The smell was sweet and citrusy like a sativa but with a hint of earthy pine like an indica. The smoke was smooth and tasted lightly like nature, with hints of flower and wood. Old Pal specializes in outdoor grows, which some find less desirable than a more controlled indoor grow. I personally fall on the more hippie side of cannabis users and love that the plant I’m consuming has been fed by the earth and drenched in natural sunlight. It feels like I’m smoking the power of the sun.
The high itself felt classically hippie stoner as well. It had a light, happy uplift and a creative wave of euphoria that really helped me understand Salvador Dali paintings. It’s the kind of high I imagine beatniks got from jazz cigarettes, inspiring them to write poems accented by bongo drums. While it did calm my anxiety, I also found myself suddenly more interested in writing a poem or painting a masterpiece than moving things. I tried to turn that creative edge into a productive sprint by fixing the messy edges of my freshly painted room.
It took the edge off of the endless stream of tasks in my mind and brought my rushing thoughts back down to a slow gurgle so I could tackle moving chores. This included dusting, vacuuming, dragging boxes around, and figuring out where everything I own will live. It was great for thinking of creative ways to redecorate, helping me consider form and feng shui, and where each piece of furniture may be “happiest.” It was not so great for keeping track of time, though. I thought installing a shelf would take ten minutes, but after finding the right things to go on it and then being distracted by old pictures and the memories they contained, an hour had gone by.

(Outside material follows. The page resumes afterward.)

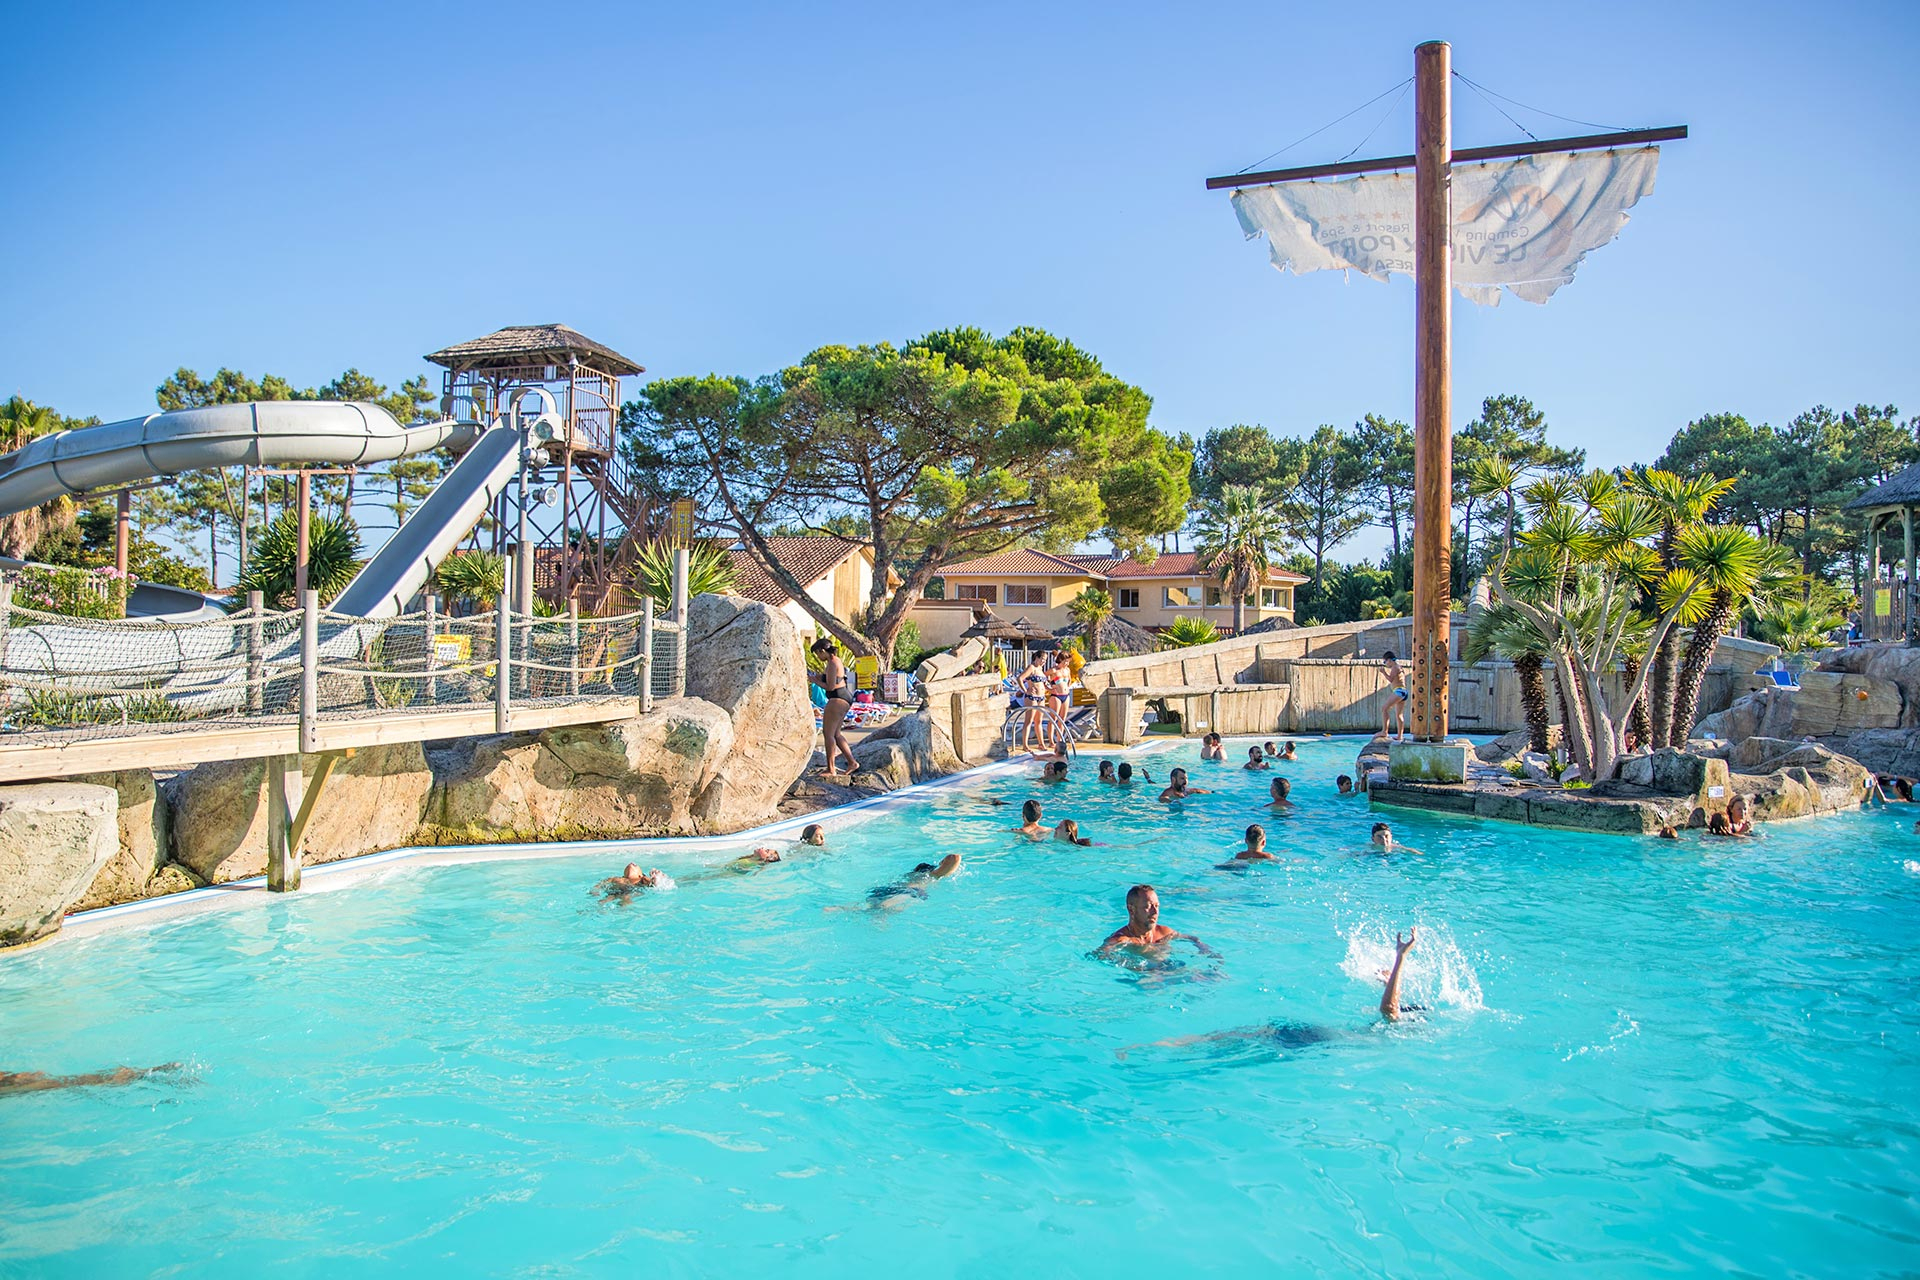 Camping Le Vieux Port ***** - Locations De Vacances Landes ... dedans Camping Vieux Boucau Avec Piscine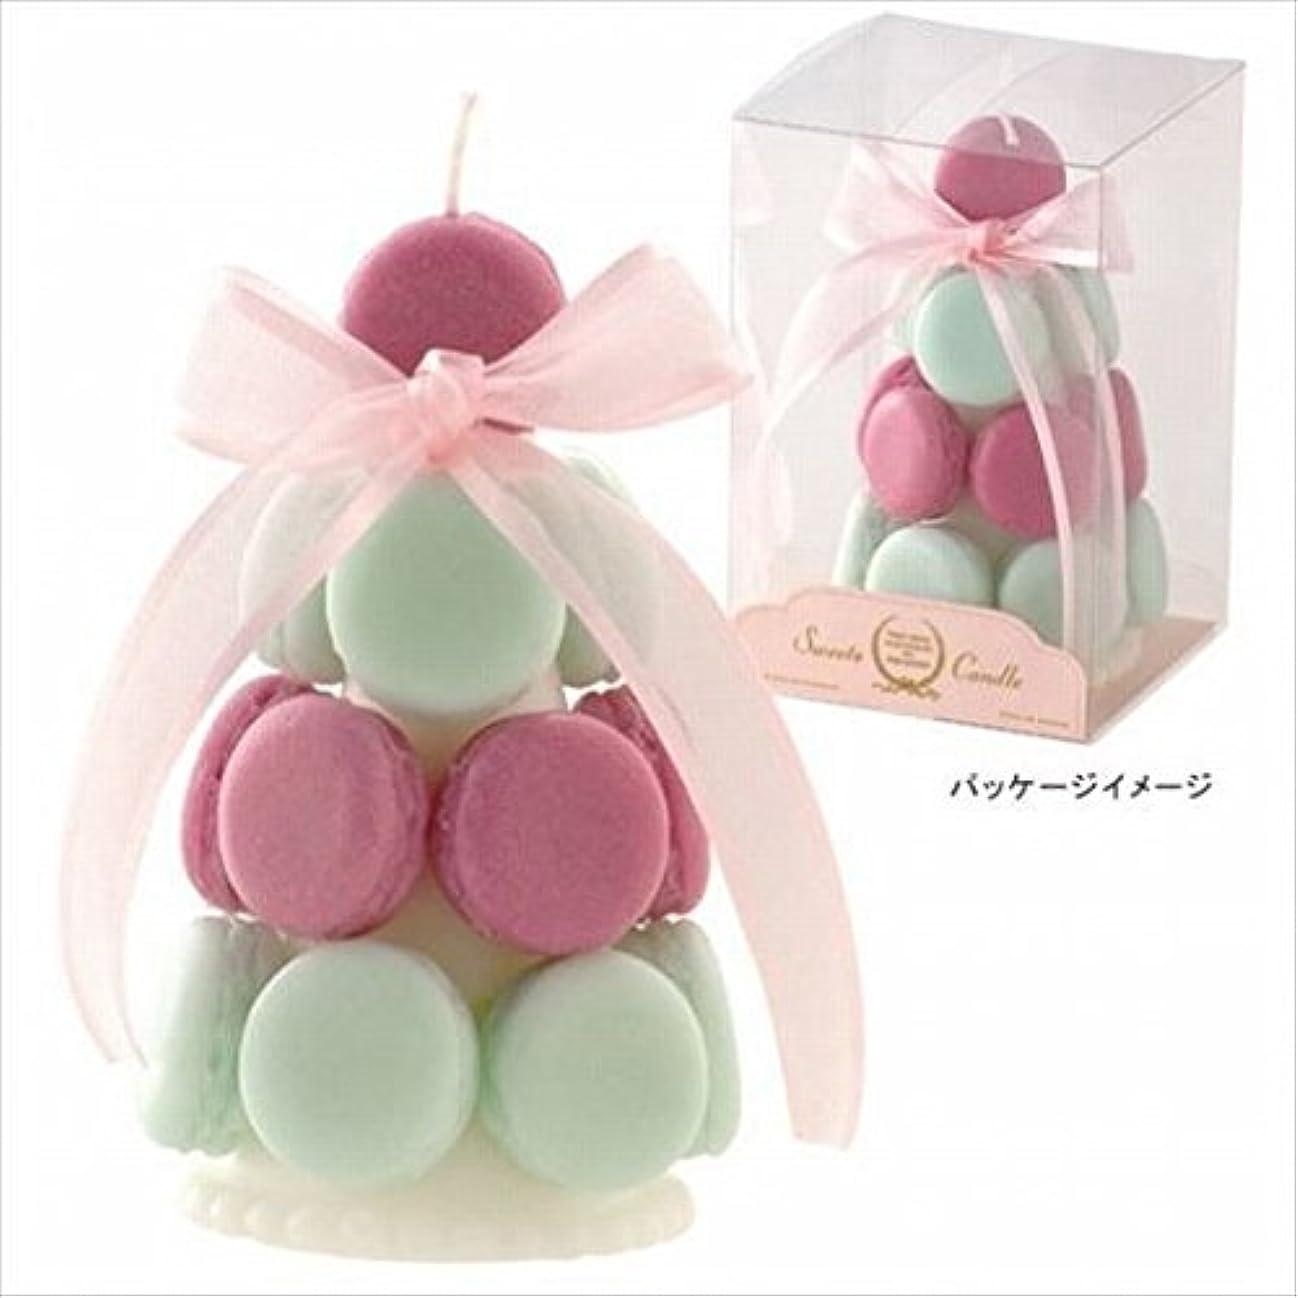 東ティモール習字療法kameyama candle(カメヤマキャンドル) ハッピーマカロンタワー 「 メロングリーン 」(A4580520)

“This high made cleaning my old roommate’s mess into a poetic musing on man’s once meaningful ruins.”
Overall, Gelato #45 provided a creative lift to otherwise very tedious tasks. It was one of those highs that turned cleaning into a poetic musing on man’s intimate history with dirt. Like, we can’t live without it, we survive on plants that grow in it, and then we villainize it once it enters our homes. What’s up with that?
Cleaning out old random nails became a reflection on technology and how these were once the most treasured tools for building a new world. Nails were prized possessions that could change your whole life, build you a home, construct tools, etc. Now they hit peak usefulness when holding up a boring painting we ordered online to look more “cultured.” If you can’t tell already, this high made cleaning my old roommate’s mess into a poetic musing on man’s once meaningful ruins. That, in my mind, is much preferable to an angry meditation on how this girl slept next to a shelf of dust and old nails for four months without ever once cleaning it. Jesus, some people.
The subtle, sleepy comedown landed me softly back down on the earth of boring life. As laundry lists of tasks crept back into my mind (oh yeah, I also have to do laundry), I felt myself wanting to roll up another joint to keep the flow going. This Gelato #45 turned my afternoon of tedious cleaning into a zen practice of cleansing. It’s always nice when an Old Pal helps you move.